Category: Career

  • That Which Is Around Us

    “I am what is around me.” – Wallace Stevens, Theory

    We build the world around us, surrounding ourselves with things and people that reinforce for us that image in our minds. Believe you’re a hiker? Go to the mountains and be one. Sailor? Get a boat or crew in someone else’s. Runner? Get some good running shoes and hit the pavement again and again until it becomes your identity. Writer? Write every day: immerse yourself in the Great Conversation, pull in all that is around you like a warm blanket on a cold night and share it with the world.

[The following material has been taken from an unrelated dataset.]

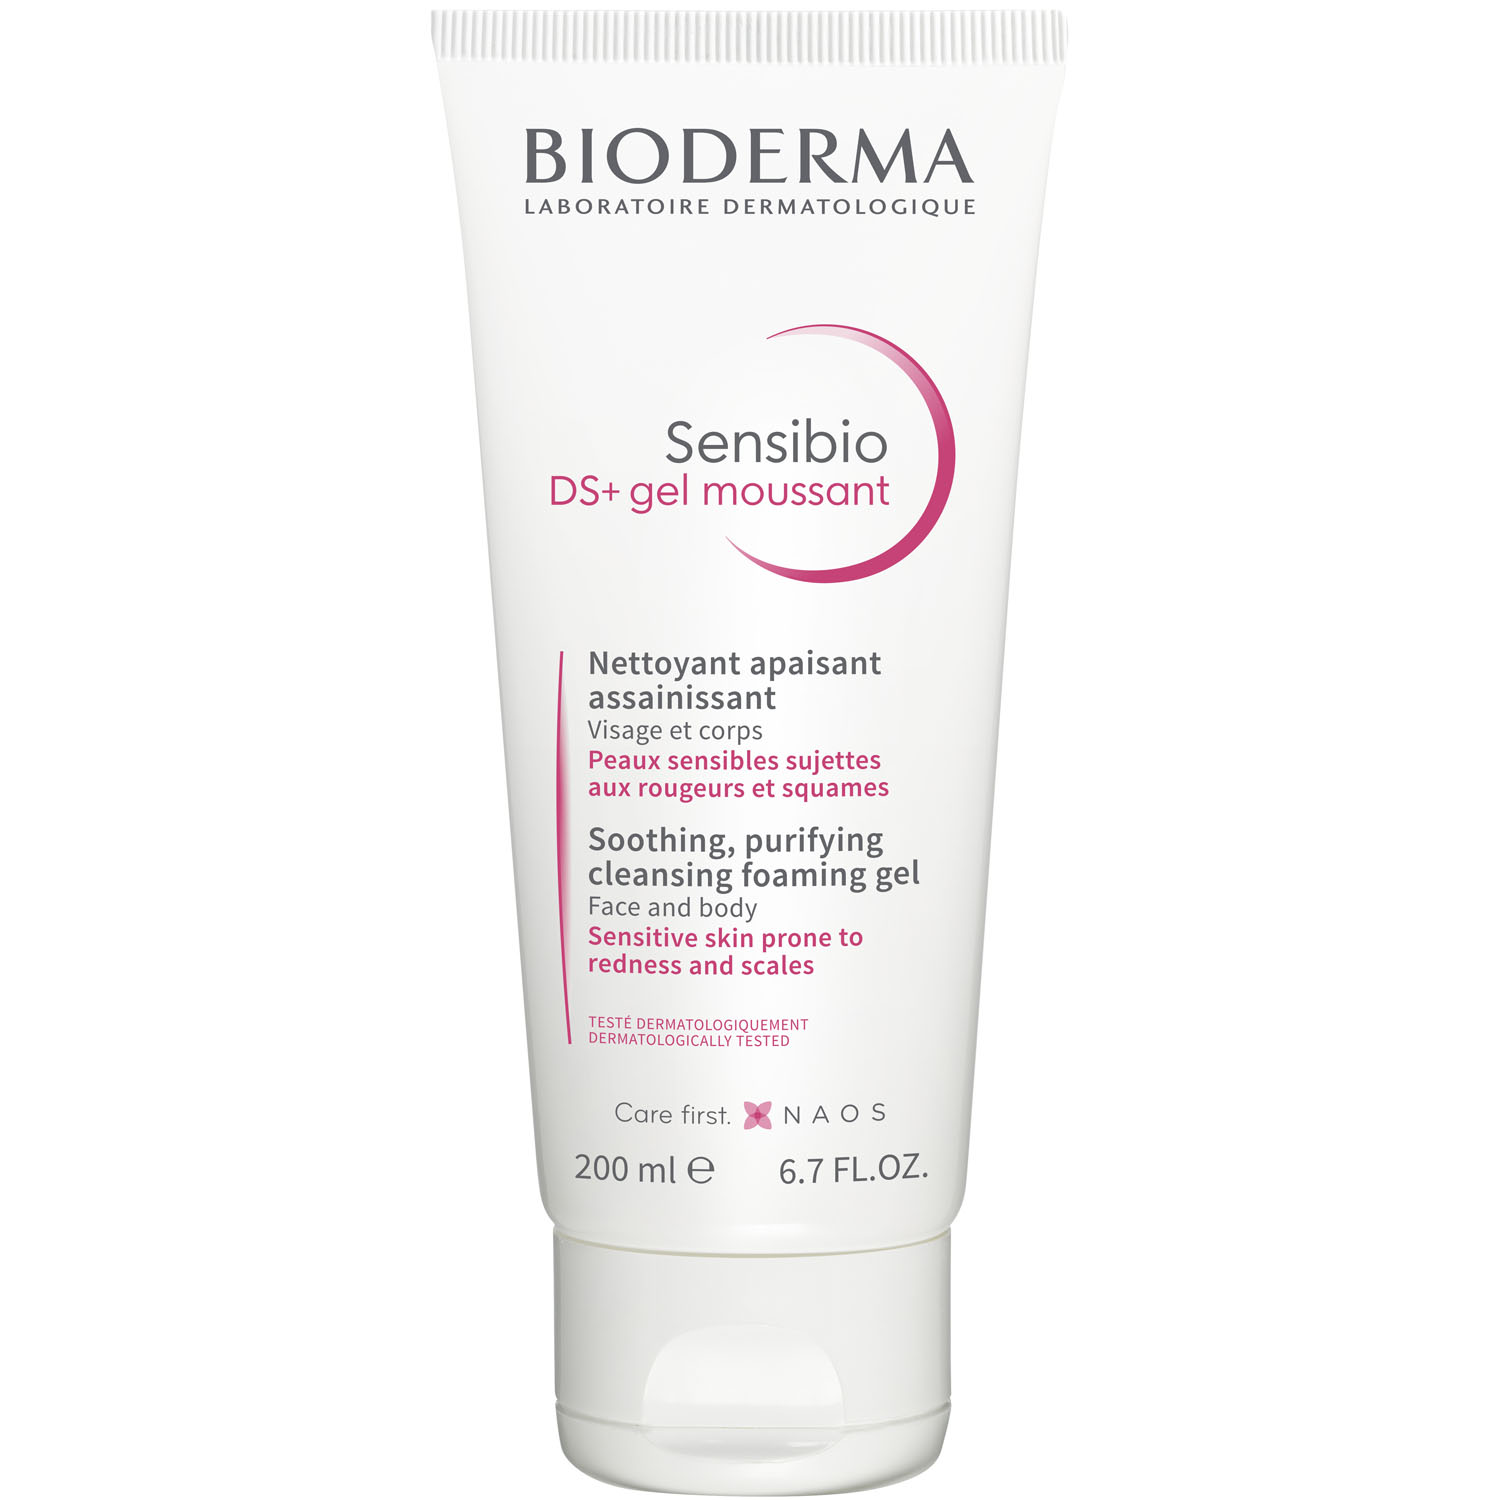 Bioderma Очищающий гель для кожи с покраснениями и шелушениями DS+, 200 мл (Bioderma, Sensibio) очищающий гель для кожи с покраснениями и шелушениями sensibio ds 200 мл

    I heard about the death of a friendly acquaintance last night. He was larger than life in some ways, but fragile from years of abusing his body. He would drink too much, love too many, drive too fast and talk even faster, but he had a good heart and it showed in how he treated those around him. He lived the work hard, play hard mantra more than anyone I’ve ever met. I learned not to keep up with him drinking, to drive separately when going to meetings, and to keep pace when it came to work. I was just in his town last week but decided not to call him, thinking I didn’t have the time. It turns out I only had that time.

    We are what is around us. Jimmy surrounded himself with a lifestyle that killed him young, but was as fully alive as anyone I’ve met. We don’t get to choose everything that happens in our lives, but in our daily habits we slowly build up and reinforce our image of ourselves and what we might become. Ultimately it’s all just a story in our mind, and like any story you can choose to send it in another direction at any time. But you can’t turn a tragic-comedy into an action-adventure or a romance novel easily. Sometimes you’ve got to scrap the entire first draft and start writing a new book.

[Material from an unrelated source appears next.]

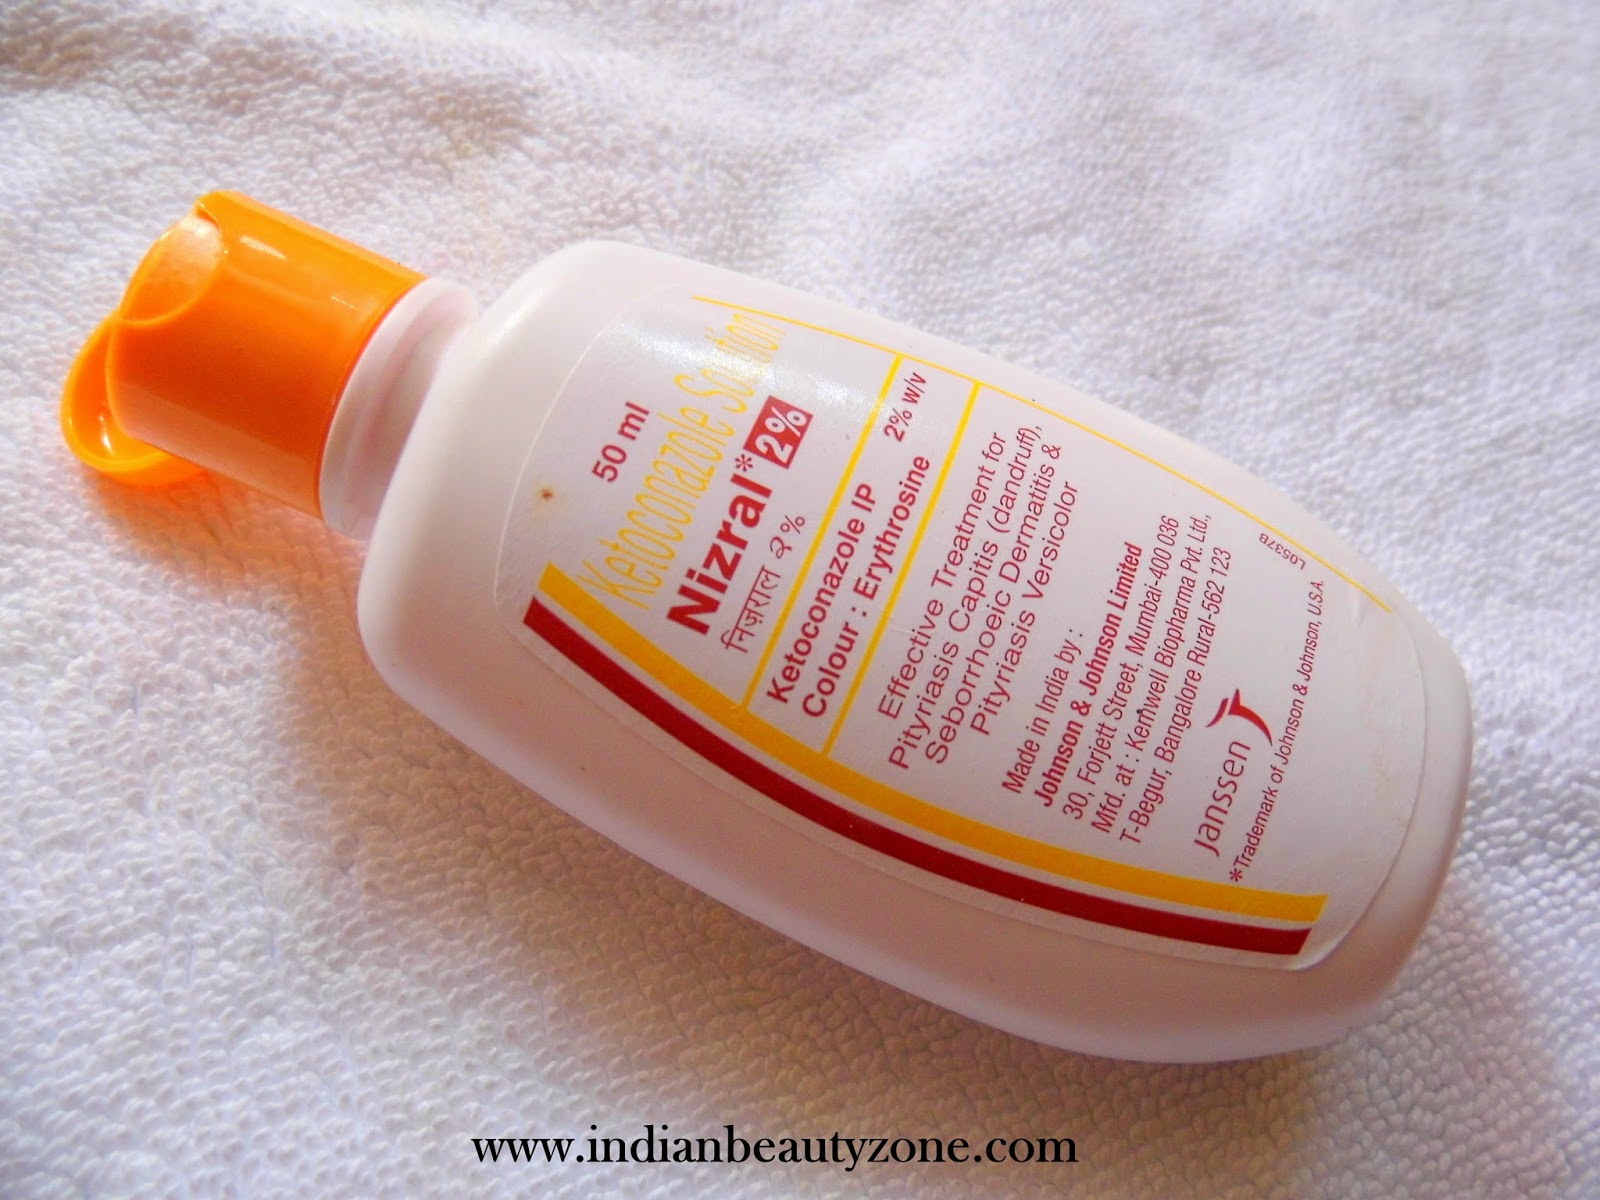 What skin condition does Ketoconazole shampoo treat?

    As a nod to Jimmy, I’ll work to be more alive in the moment, but with a lot less vodka. I’ll work hard in my career and play hard at healthier activities than he chose. Like Jimmy I’ll beam in pride at my kids, but will try to lead by example that the things you surround yourself with in this one precious life matter much more than you might think. Those things either hold you up or press you down, so choose wisely. Thanks for the reminder Jimmy.

  • The Calendar Waltz

    They say people are increasingly stressed out on Sunday night with anticipation for the work week. I don’t tend to get stressed anymore. Being in a job I like helps, but so does structuring my days with some measure of sanity. Looking at my calendar this Monday morning, I see that the week is fully booked. That is as it should be, but this year I’ve looked at my schedule through a different lens; Is this block on my calendar the best use of my time?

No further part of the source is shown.